É senso comum que a pecuária é a principal causa de pressão de desmatamento na Amazônia. As mudanças climáticas trazem clamor internacional e cobram do Brasil a imediata interrupção dos desmatamentos na Amazônia. Disto resulta uma série de medidas republicanas e não republicanas, pressões e sansões comerciais, diplomáticas e da opinião pública contra as atividades produtivas na Amazônia e seu carro chefe a pecuária.
Entretanto, trata-se de uma leitura parcial, correlaciona variáveis de forma equivocada e confunde alguns efeitos como causas. Não é a pecuária, a agricultura ou a atividade madeireira as causadoras da pressão sobre a floresta.
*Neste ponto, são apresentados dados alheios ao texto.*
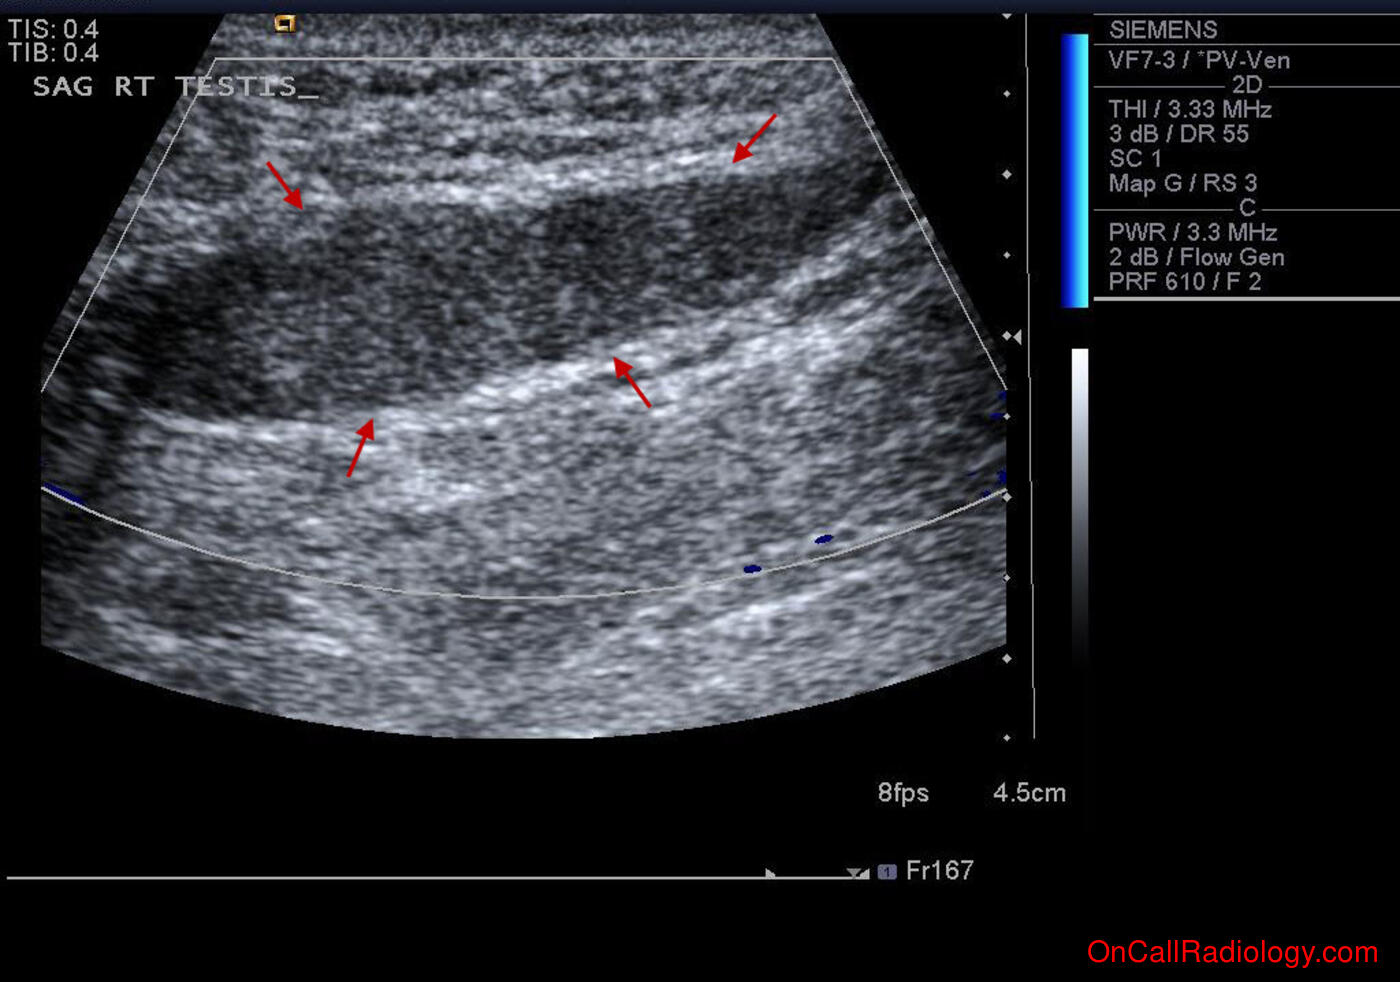 Male (Avascular testis in inguinal canal - Ultrasound)

A causa é a assimetria e insuficiente apropriação dos conhecimentos do legado da ciência tropical brasileira nos modelos de produção da região.
Devido a este equívoco de diagnóstico, há movimento em curso que busca desantropizar e paralisar qualquer iniciativa que beneficie o ganho de escala produtivo da região. Há um engessamento na análise dos Cadastros Ambientais Rurais – CAR, na regularização fundiária, na análise de pedidos de licenças ambientais e na realização investimentos de infraestrutura. Há uma forte atuação de órgãos de governo, de organismos internacionais e de ONGs, que impedem uma séria de políticas e de medidas racionais para as atividades produtivas, uma deliberada tentativa de tornar a Amazônia um zoológico humano.
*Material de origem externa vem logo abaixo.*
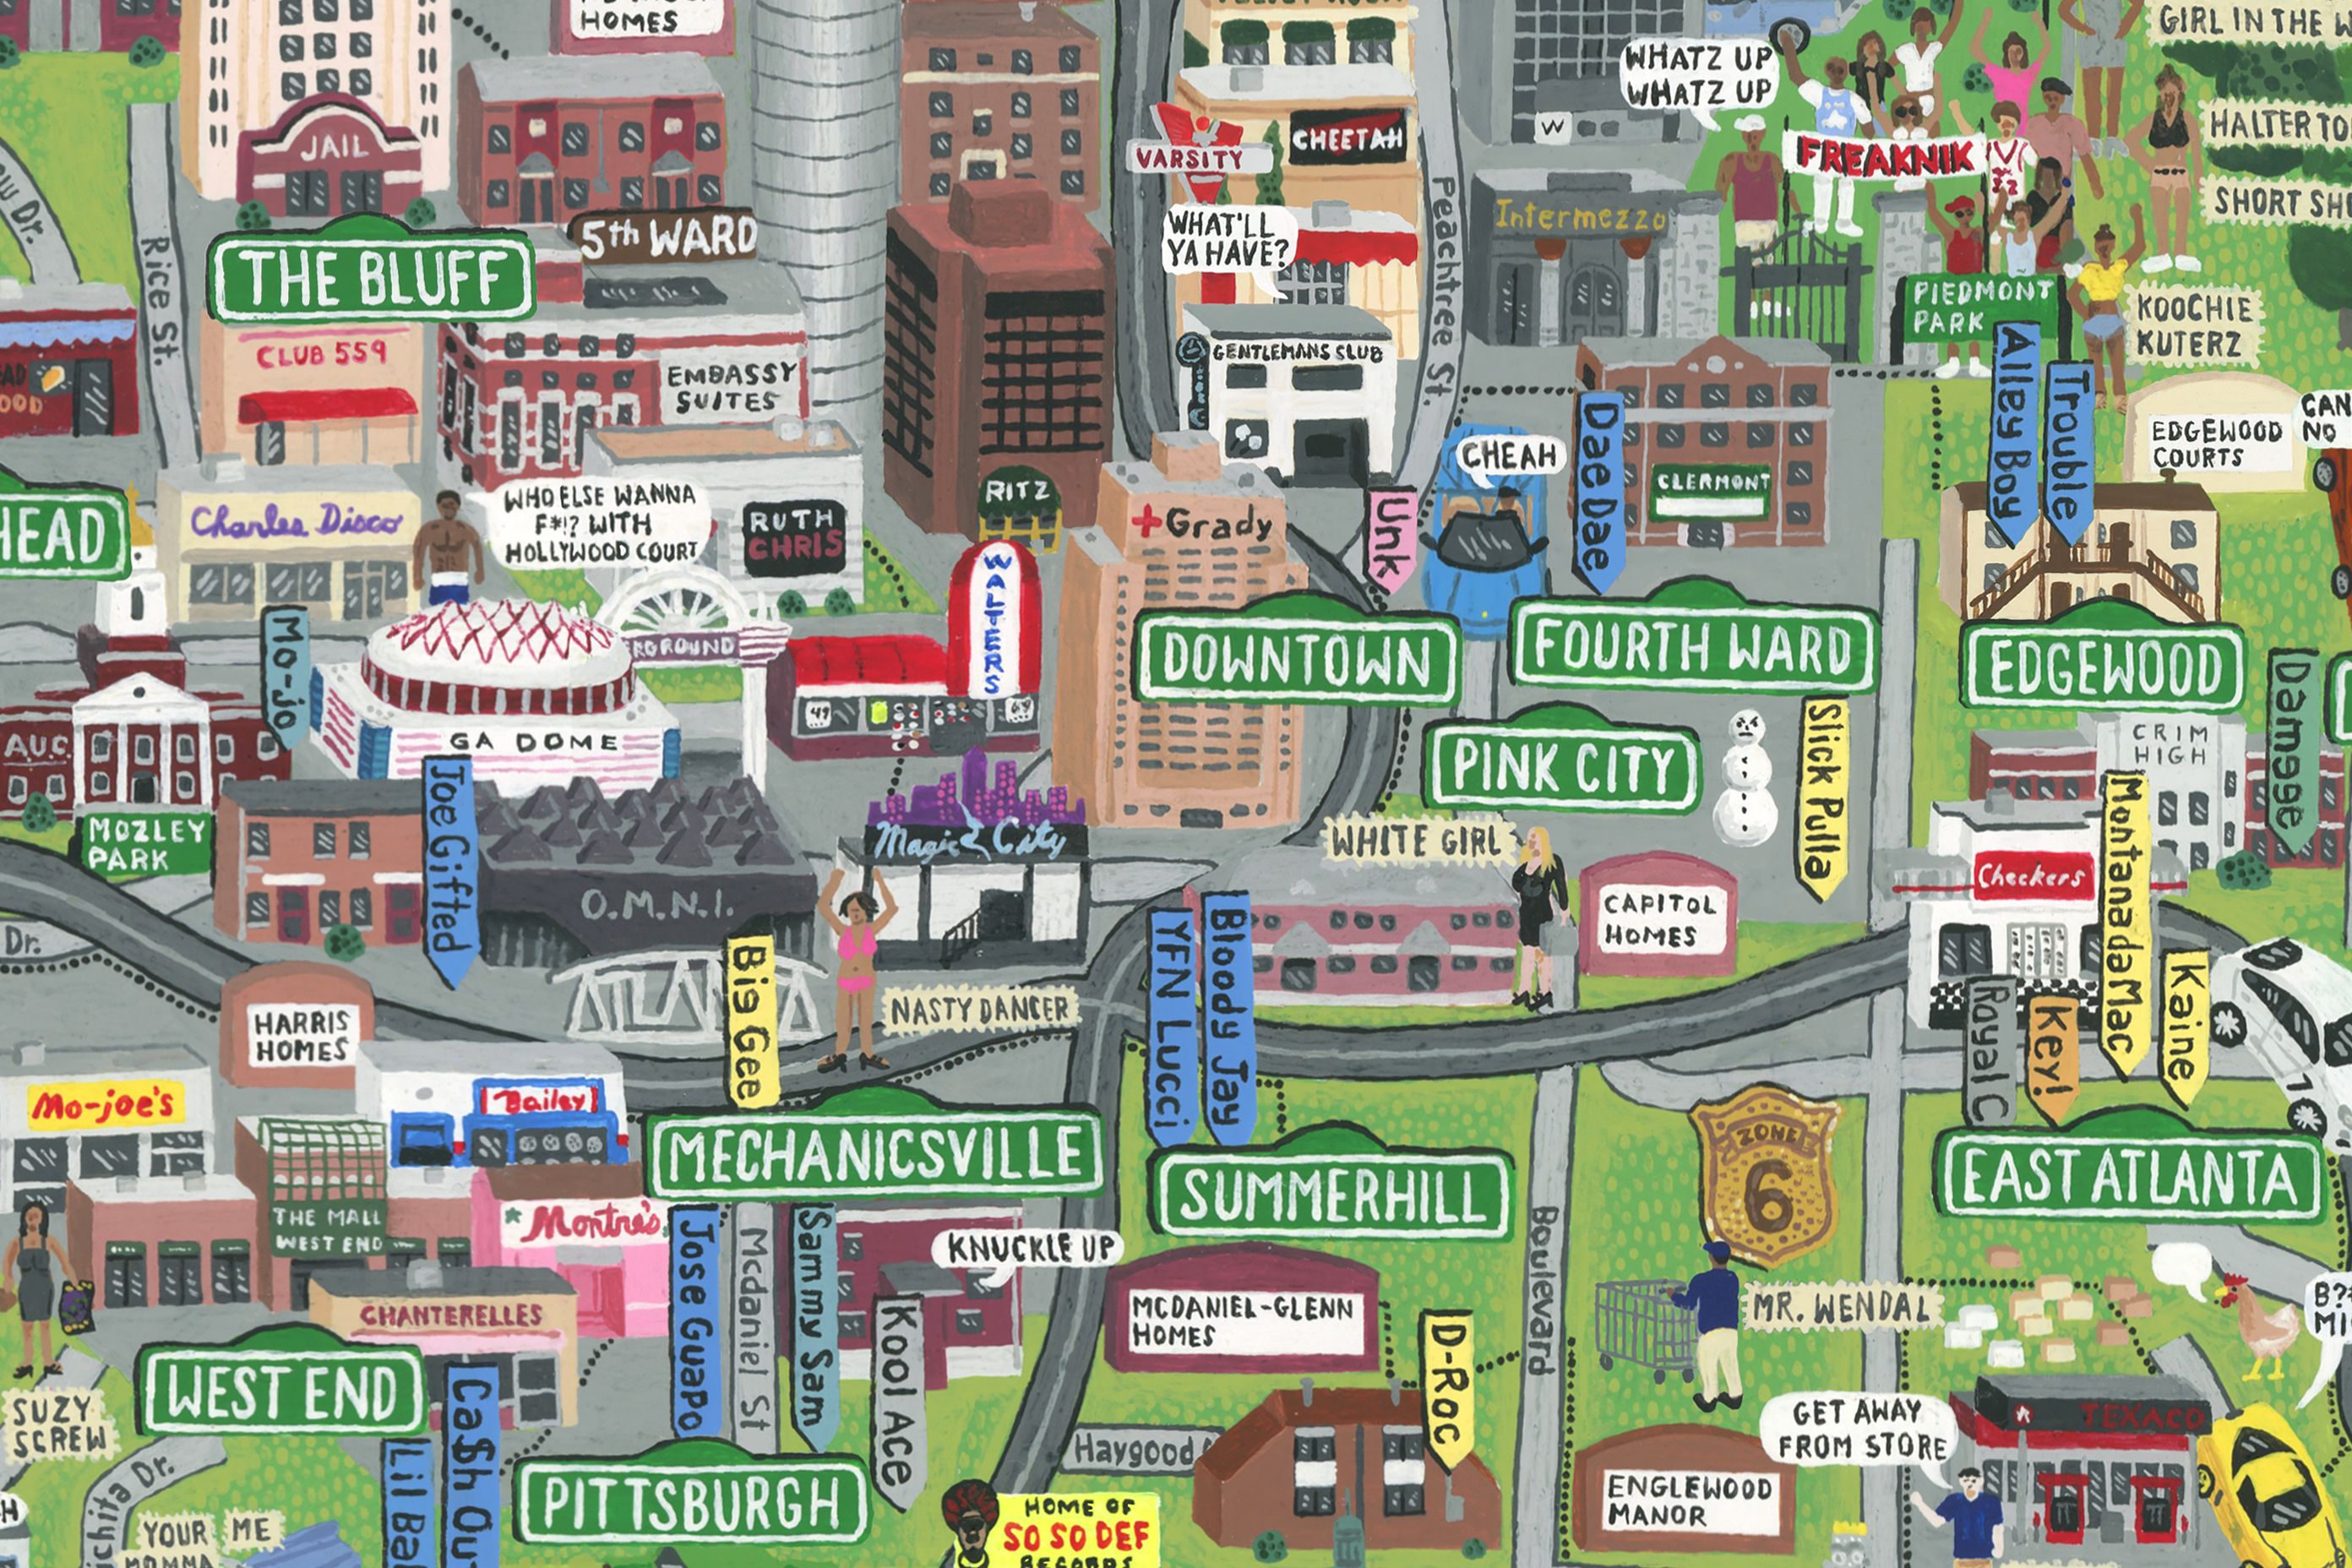 A close-up of a color illustrated map showing famous Atlanta rappers and locations made famous from hip-hop songs

Toda esta militância parte da análise que ao se facilitar a produção na região, melhorar a escala e a renda do produtor, se reproduzirá a pressão sobre a floresta, o que é um paradoxo e desprezo com a dignidade de milhares de amazônidas. Infelizmente, quanto maior a dificuldade de se produzir na região, mais distante o produtor estará de se apropriar do legado da ciência tropical sustentável, reforça-se o ciclo vicioso de pressão sobre a floresta, reforça-se o ciclo vicioso de disparidade de geração de renda e de oportunidades, coloca uma população de 29 milhões de amazônidas em condições de vulnerabilidade, retroalimenta o ciclo vicioso de pressão sobre a floresta. O diagnóstico equivocado leva a construção de preconceitos, medidas e políticas restritivas também equivocadas, cujos resultados são desastrosos para a região e que acabam por retroalimentar as pressões sobre a floresta, opondo-se e contradizendo-se justamente com aquilo que pretenderia inibir.
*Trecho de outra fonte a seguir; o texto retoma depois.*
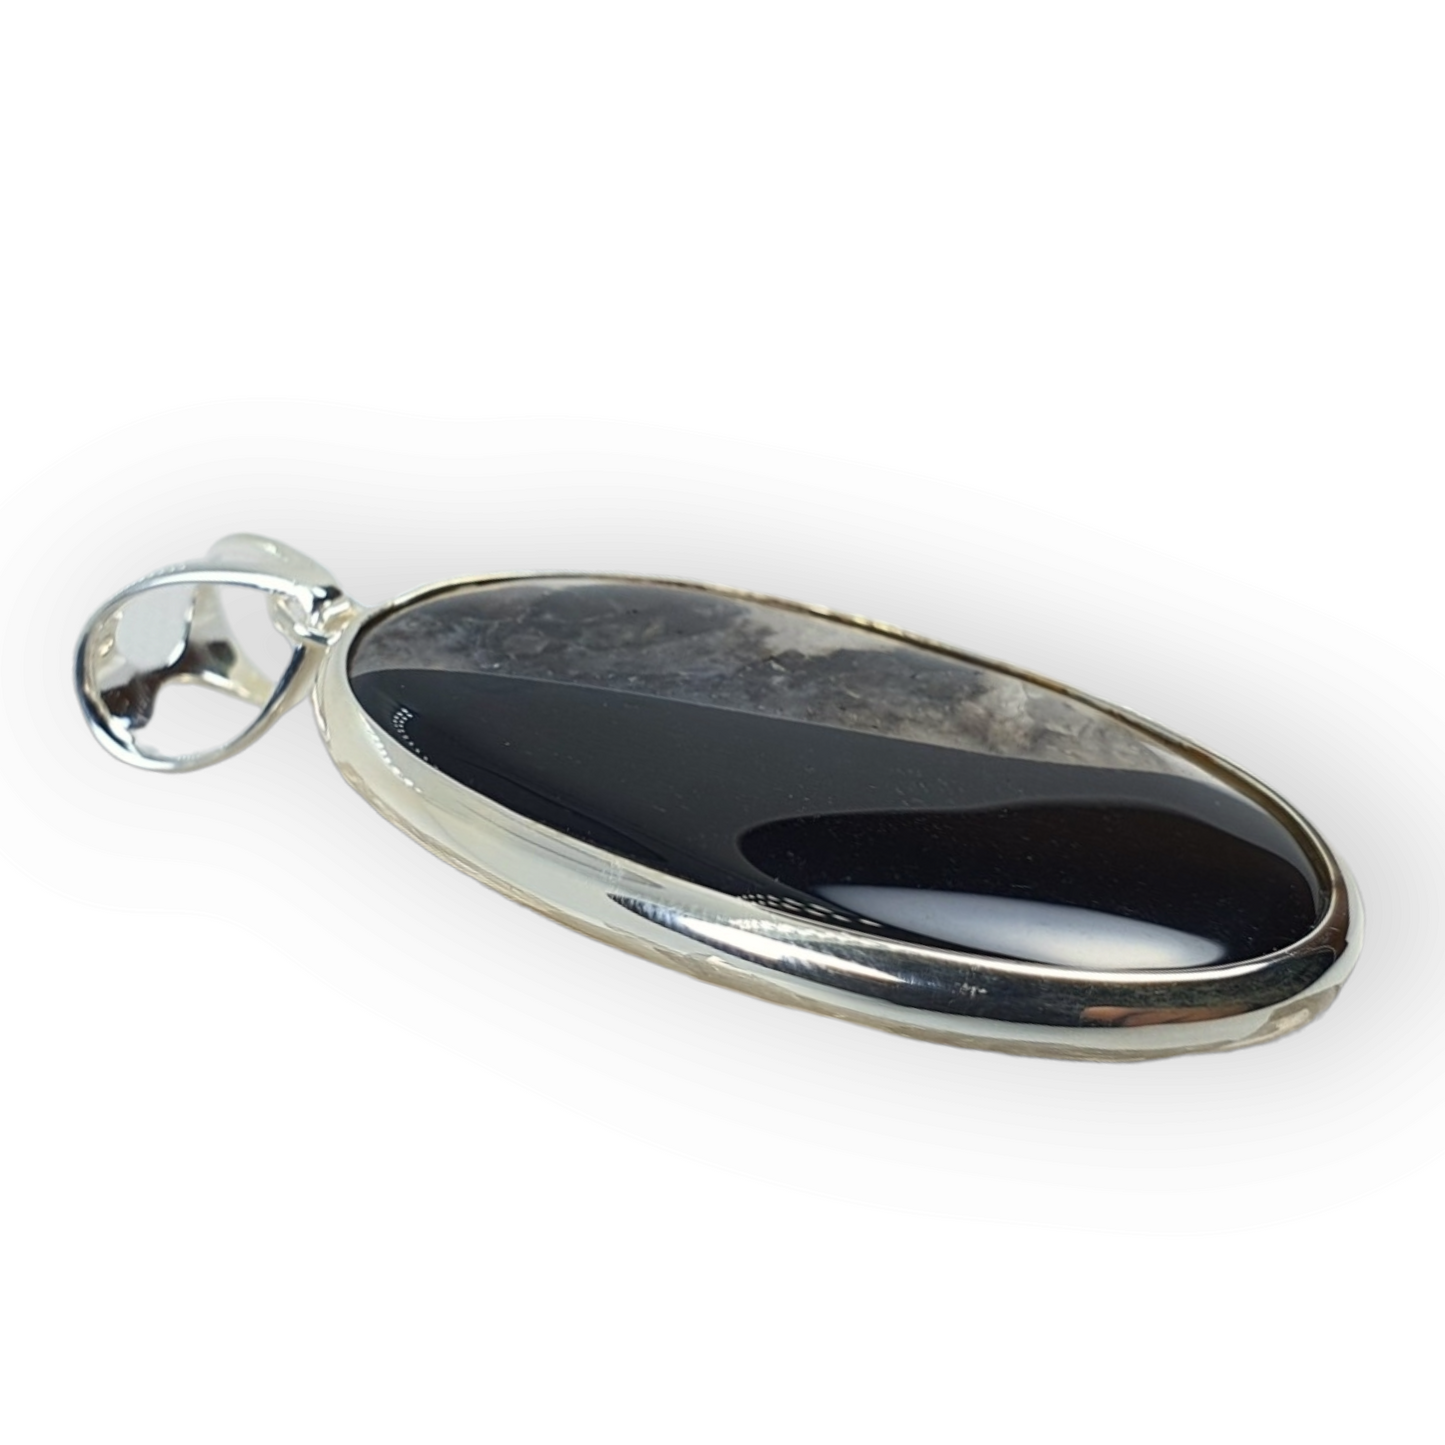 Crystals - Banded Onyx Oval Cabochon Pendant - Sterling Silver

A preservação da floresta amazônica não se dará com a sua transformação em um zoológico para o mundo. Esta tentativa somente trará miséria a sua população e mais pressão sobre a floresta. Sua preservação passa necessariamente pela incorporação da ciência tropical sustentável nos modelos de produção de alimentos na região. Serão a pecuária, a agricultura sustentável tropical e também as oportunidades da bioeconomia da floresta, quem darão as bases econômicas capazes de dar suporte a dimensão humana, para o uso sustentável dos recursos naturais, a preservação da floresta e o convívio e preservação dos povos tradicionais da região.
A população amazônica é parte da solução. Não é possível dissociar as dimensões humanas e econômicas para se alcançar a preservação da floresta. Ciência e tecnologias já existem para que os amazônidas contribuam com um dos maiores desafios da humanidade, o aumento da oferta de alimentos saudáveis, resilientes e produzidos de forma sustentável. Esta é a vocação da região e passaporte para o seu desenvolvimento, geração de renda, emprego e dignidade. Não é o zoológico humano, mas sim a apropriação do legado da ciência tropical sustentável a mudança de chave.
Como difundir o legado da ciência tropical sustentável, trazendo luz aos produtores, interrompendo o ciclo vicioso de miséria e pressão sobre a floresta? Como fazer a sociedade, a opinião pública e as ações de política pública parar de demonizar a produção e de fato enfrentar a raiz do problema?